Part of this past weekend’s meeting of the Committee on Informing the Public was to evaluate 100+ proposals for “mini-grants” of up to $10,000 for new outreach activities. It wouldn’t be appropriate to go into detail about any of the proposals or what we decided (the PI’s of the proposals we decided to fund will be notified soon), but there was one issue that came up again and again that I think is appropriate for the blog, which is what should be considered as a successful effort, particularly in the online world.
A large number of the proposals we were considering had “new media” components to them– videos to be placed on youTube and the like, web sites with informative descriptions of physics topics, blogs about physics, and so on. One of the things we argued about at length is how to measure the impact of these sorts of items. The obvious metric would be something like the number of times the video got played on YouTube, or the number of hits a web site gets, but then it’s damnably difficult to agree on a number that would constitute success.
Let’s say you put together a video about physics, such as this one of me talking to my dog about the Many-Worlds Interpretation of quantum mechanics:
How many people have to watch this for me to call it a successful example of physics outreach to the general public?
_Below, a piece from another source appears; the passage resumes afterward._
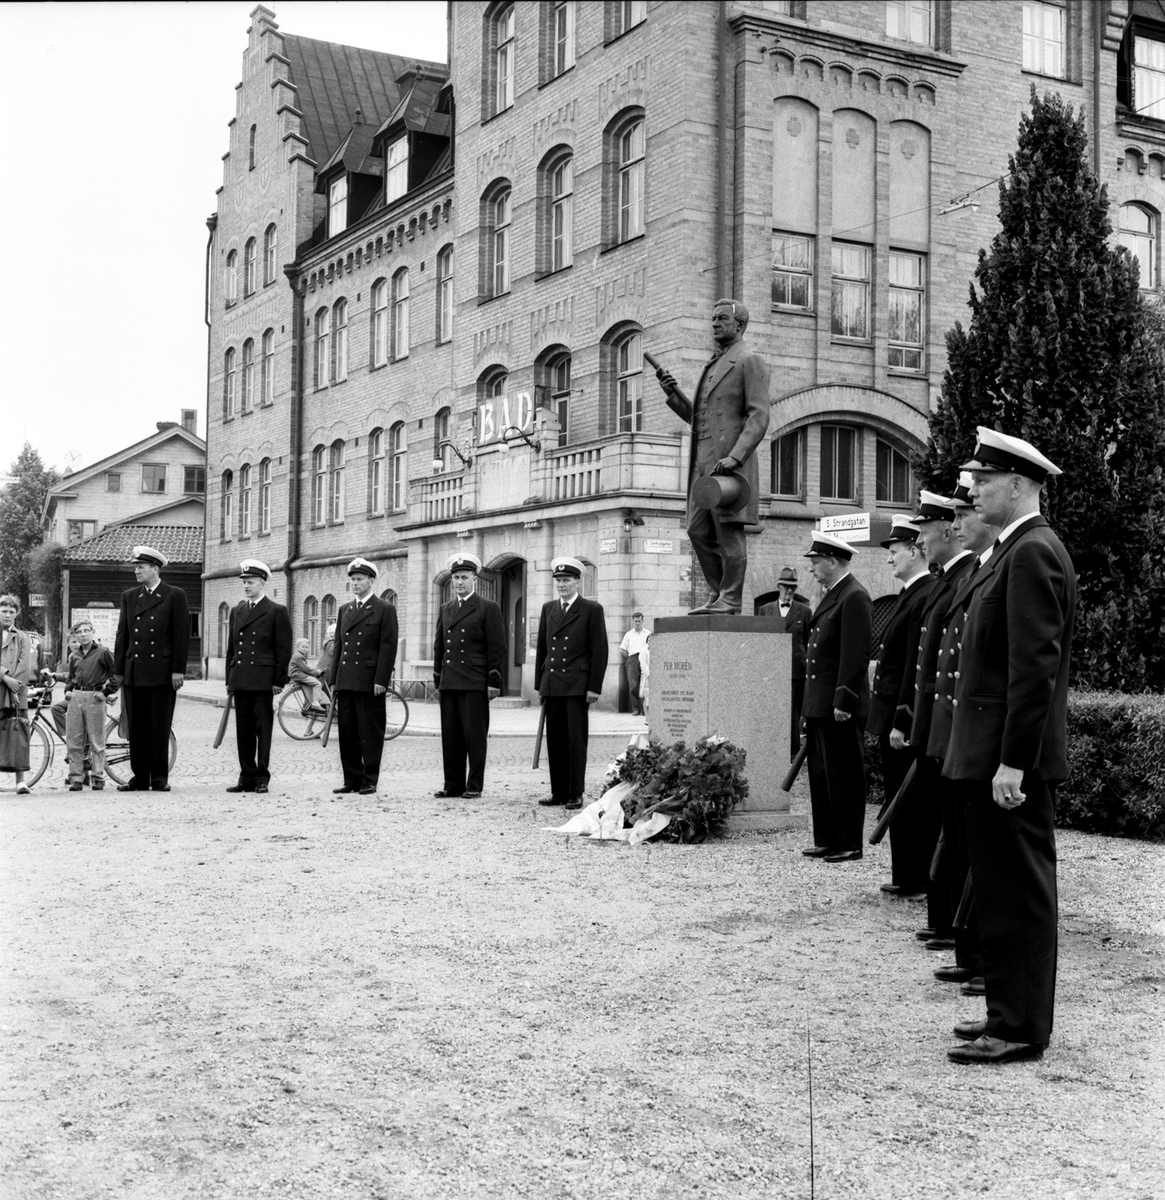 GDJ (Gävle-Dala järnväg) 100-årsjubilerar 1959. På bilden syns en staty av Per Murén, som var en av initiativtagarna till järnvägen. Byggnaden i bakgrunden är Murénska badhuset, uppkallat efter Per Murén.

At the time of this writing, that video has been viewed 380 times. Now, on the one hand, you could compare this to the total viewership for YouTube videos that “go viral,” like the LHC Rap, which has drawn more than 6,000,000 views to date. In which case, you would consider my little video a dismal failure.
But then, is that really an appropriate standard to set? Trying to get a video to go viral is a little like trying to find the Higgs Boson by sitting in your room and waiting for a passing cosmic ray to create one. It might happen– there are lots of cosmic rays, and many of them have enough energy to make a Higgs– but it wouldn’t be a great basis for a research program. Viral videos are, more or less by definition, random and unpredictable, so it seems a little unfair to consider something a failure because it didn’t manage a wildly unlikely achievement.
A more realistic standard might be to ask how many people are being reached by this that wouldn’t’ve been reached some other way. For example, you could note that 380 people viewing this video would be close to 70% of an entering class at Union, which is at least three times as many people as I could reasonably expect to teach in the course of my day job. I use this sort of standard a lot when I talk about traffic to the blog— as I note in that post, the average daily number of pageviews for this blog last year was larger than the enrollment of Union, so it’s reaching out to a much bigger audience than I have via my teaching. And that audience is global– I get hits from all around the world.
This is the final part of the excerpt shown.